Personal information
- Born: 30 December 1935 (age 90) Toungoo, Myanmar

Chess career
- Country: India
- Title: International Master (1961)
- FIDE rating: 2315 [inactive]
- Peak rating: 2415 (January 1981)

= Manuel Aaron =

Indian chess player (born 1935)

Manuel Aaron (born 30 December 1935) is the first Indian chess master in the second half of the 20th century. He dominated chess in India in the 1960s to the 1980s, was the national champion of India nine times between 1959 and 1981. He is India's first chess player to be awarded the FIDE Title of International Master, and is one of the key figures in introducing international chess practices to India; until the 1960s, Indian chess (known as chaturanga) was often played using many local traditional variants (e.g. in lieu of castling, the king could execute a knights move once, if it had not been checked). Aaron helped popularize the international variety, forming many chess groups and urging players to study openings and other formal chess literature.

== Life ==
Aaron was born in December 1935 in Toungoo, British Burma, to parents from Thoothukudi who had relocated to escape poverty. The family returned to Madras in 1941, where Aaron spent much of his childhood moving among relatives alongside his siblings. He developed an interest in chess by observing his parents play and was largely self-taught.

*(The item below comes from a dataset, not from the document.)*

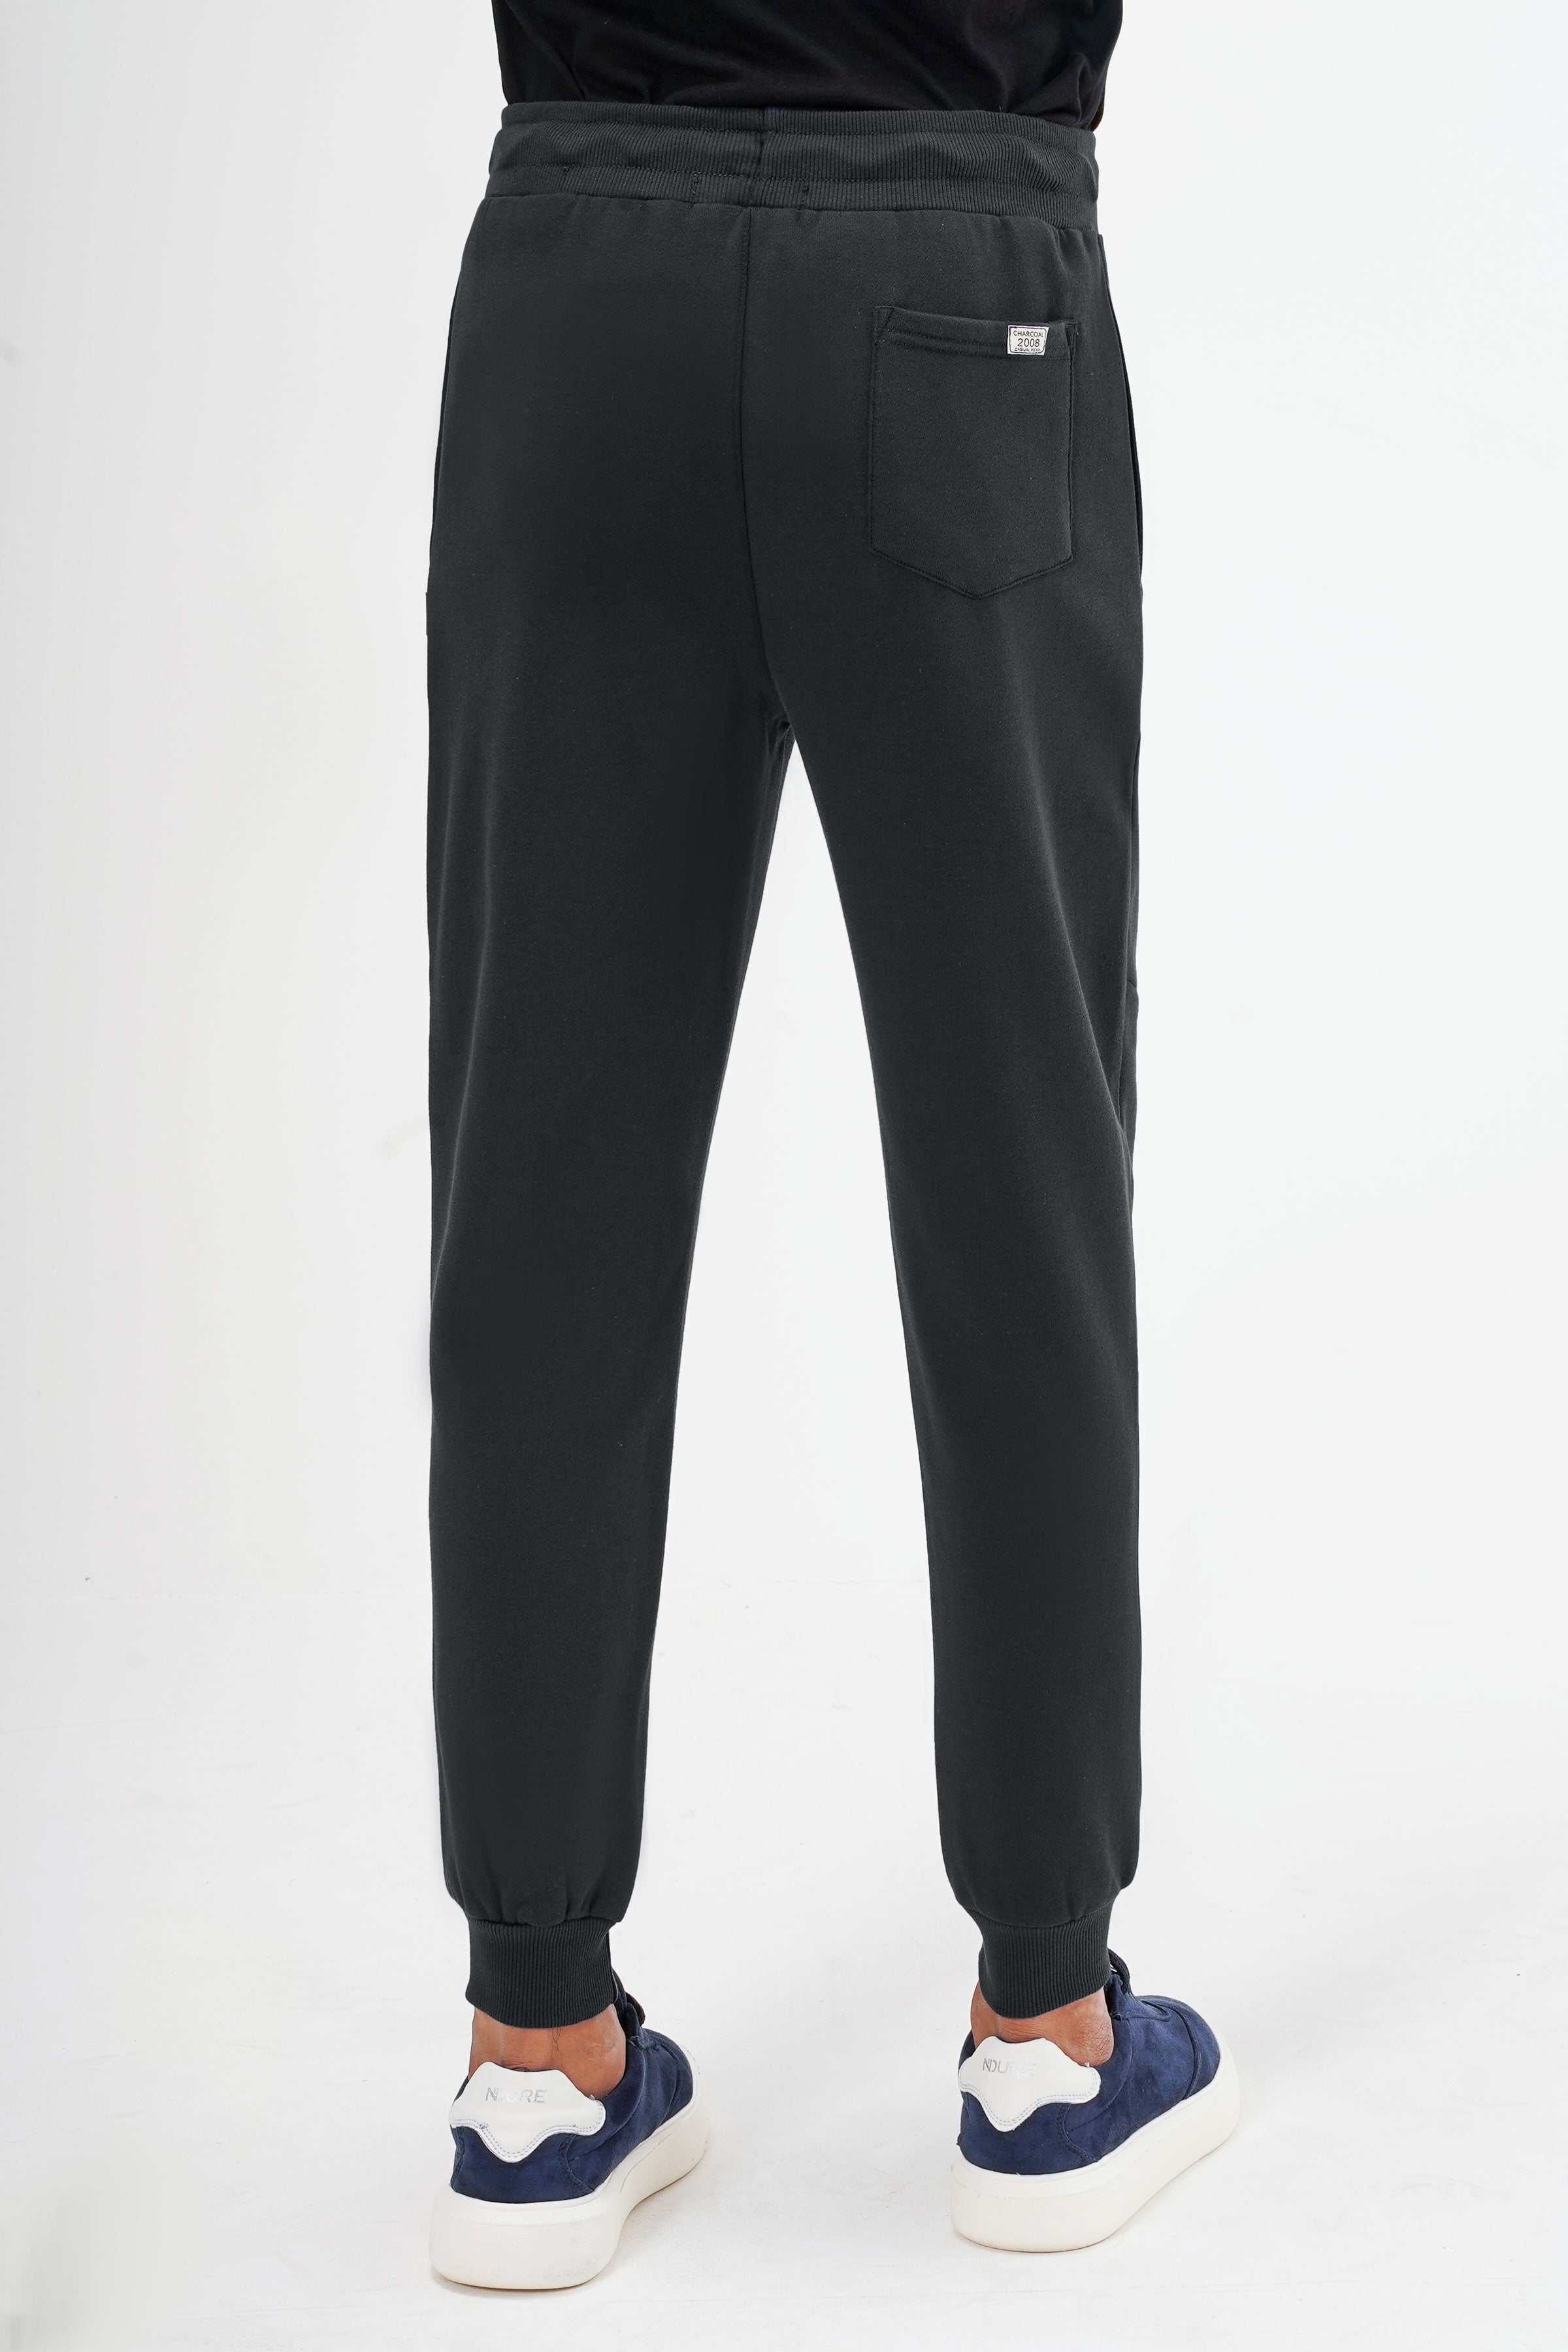 TERRY FLEECE JOGGER TROUSER BLACK at Charcoal Clothing

He later completed a Bachelor of Science degree in Allahabad. As a student, he was unable to afford the ₹16 required for the 6th edition of Modern Chess Openings until his elder sister purchased it for him. Although his father was initially skeptical about chess providing a viable livelihood, Aaron's achievements in the sport eventually secured him employment at Indian Bank.
During his time at Indian Bank, International Master Venkatachalam Saravanan was among his colleagues from 1990 to 1993. Saravanan noted Aaron's composure during matches, highlighting his ability to remain calm and unexpressive at the board even under severe time pressure. In January 1983, Aaron expanded into chess journalism by founding the magazine Chess Mate.

Aaron was Indian National Champion nine times (out of 14 championships between 1959 and 1981), including a run of five consecutive titles between 1969 and 1973. He also won the Tamil Nadu Chess Championship eleven times (1957–1982); after him, Tamil Nadu emerged as the chess powerhouse of India.

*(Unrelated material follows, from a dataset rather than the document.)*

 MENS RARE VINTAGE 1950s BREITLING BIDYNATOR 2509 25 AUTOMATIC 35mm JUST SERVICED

He won the West Asian Zonal against Mongolia's Sukien Momo 3–1 (earning his International Master's rating), and the Asian-Australian Zonal final against Cecil Purdy of Australia 3–0 in 1961. In 1962, he won the Arjuna Award for Indian sportsmen, the first-ever chess player to be so honoured.

These wins at the Asian level qualified him for the Stockholm Interzonal in 1962 and although finishing last (23rd place), he inflicted defeats on grandmasters Lajos Portisch and Wolfgang Uhlmann.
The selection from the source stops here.